Serum electrolyte changes generally coincided with changes in breathing rate and pulmonary histopathology. These changes observed on Day 3 included slight elevations in serum bicarbonate (Total CO2), without notable change in chloride (except for the PQ/Bar/T rats), sodium, or calculated anion gap (Figures 3G,H; Supplementary Tables 1-6). The pattern was consistent with respiratory acidosis in line with elevations in breathing rate and Day 3 histologic edema (Figures 2A, 4F, respectively). The Day 3 concomitant decrease in chloride in the PQ/Bar/T group was associated with a slight decrease in potassium and suggestive of mixed acid-base change. These changes may have included compensatory response and contraction alkalosis (notably, emesis is not a factor of low serum chloride in rats). Conversely, at Day 6, reductions in bicarbonate and minor elevations in serum chloride occurred in PQ groups (except PQ/Veh/P rats) without notable difference in sodium or calculated anion gap. These Day 6 changes were suggestive of respiratory alkalosis with partial compensation and aligned with the persistent increase in breathing rate observed on Day 6 (Figure 2A). In the PQ/Veh/P rats, the lack of this pattern of change was associated with higher alveolar damage score and relative lung weight (collectively supporting reduced lung volume) compared with the other PQ-administered groups. Other findings in both PQ/Bar groups indicated prominent hepatobiliary injury with increased alanine aminotransferase (ALT), aspartate aminotransferase (AST), and total bilirubin on Day 6 and Day 14 (Figures 3I,J; Supplementary Tables 1-6).

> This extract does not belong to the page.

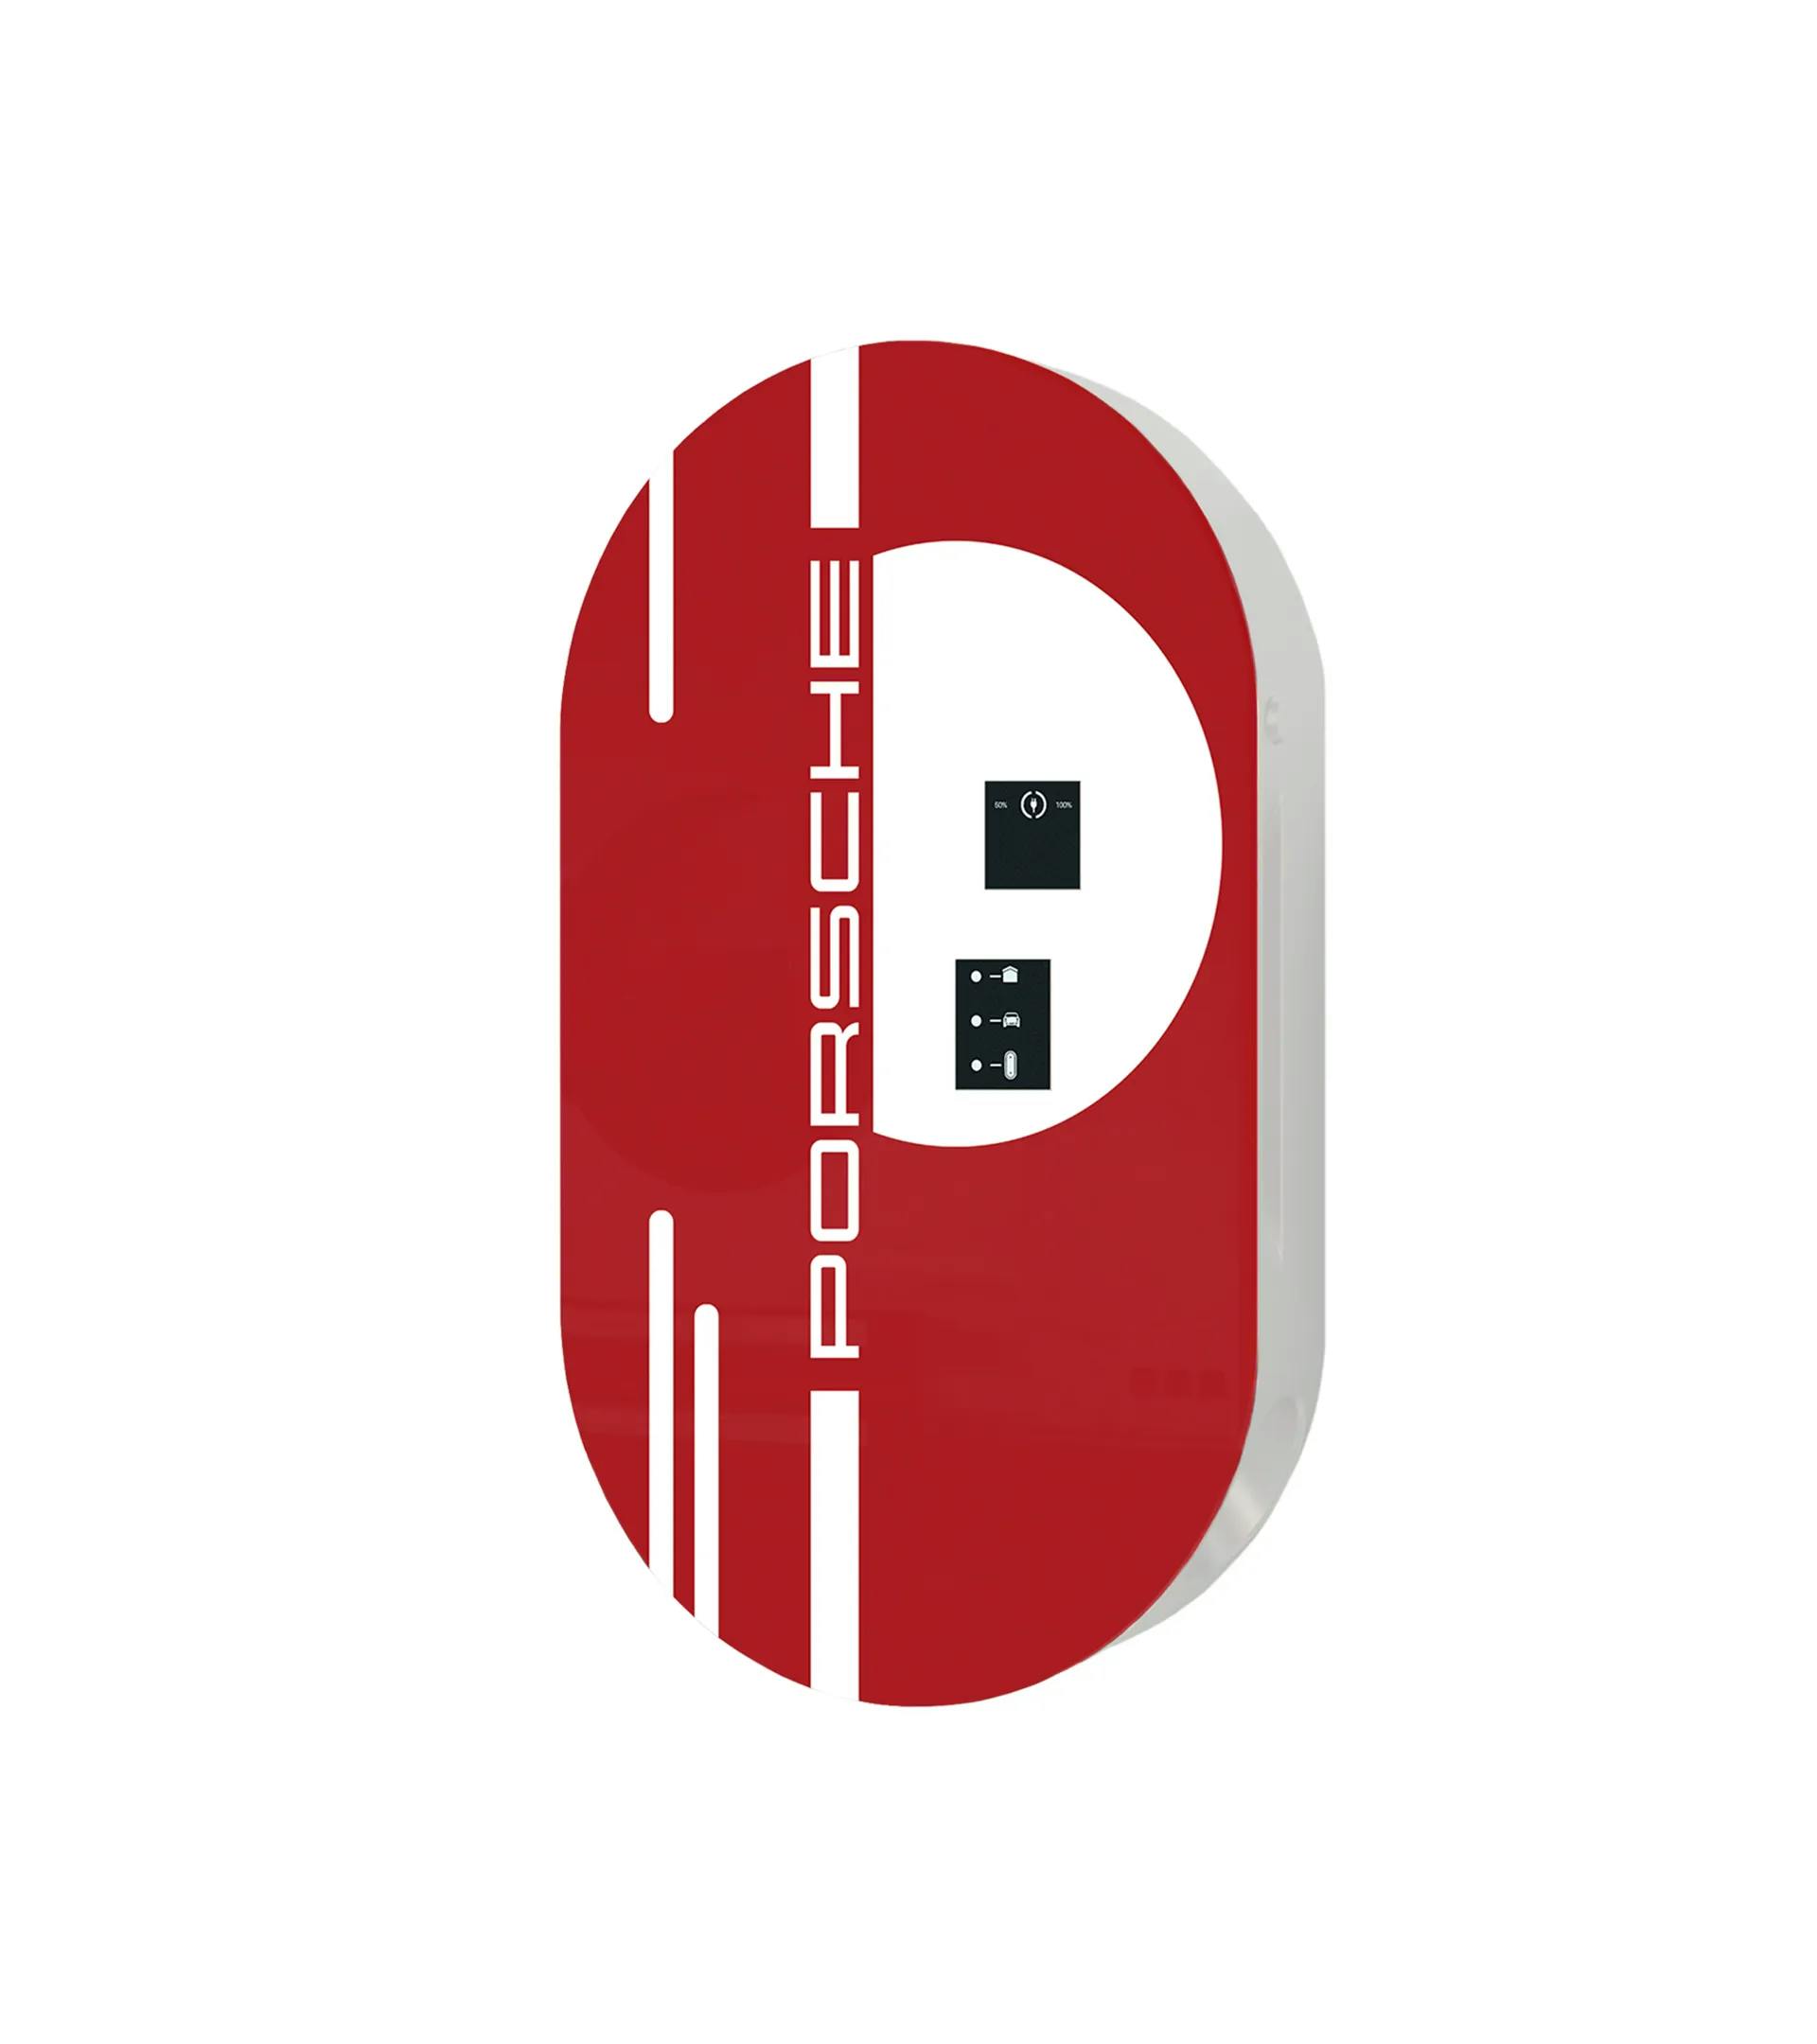 Design cover for closed Charging Dock

Normalized Lung Tissue Weights and Histopathology Analyses Also Showed Changes Post-PQ Administration and Response to Bardoxolone Treatment
When lung weights were normalized to body weights, PQ/Veh/P rats showed higher ratios than SA/Veh/P at all evaluated time points (p ≤ 0.01; Figure 4A). Similarly, PQ/Bar/P possessed higher normalized lung weights on Days 3 and 6 (p ≤ 0.0001 vs. SA/Veh/P). Compared to PQ/Veh rats, PQ/Bar rats showed similar lung to body weight ratios.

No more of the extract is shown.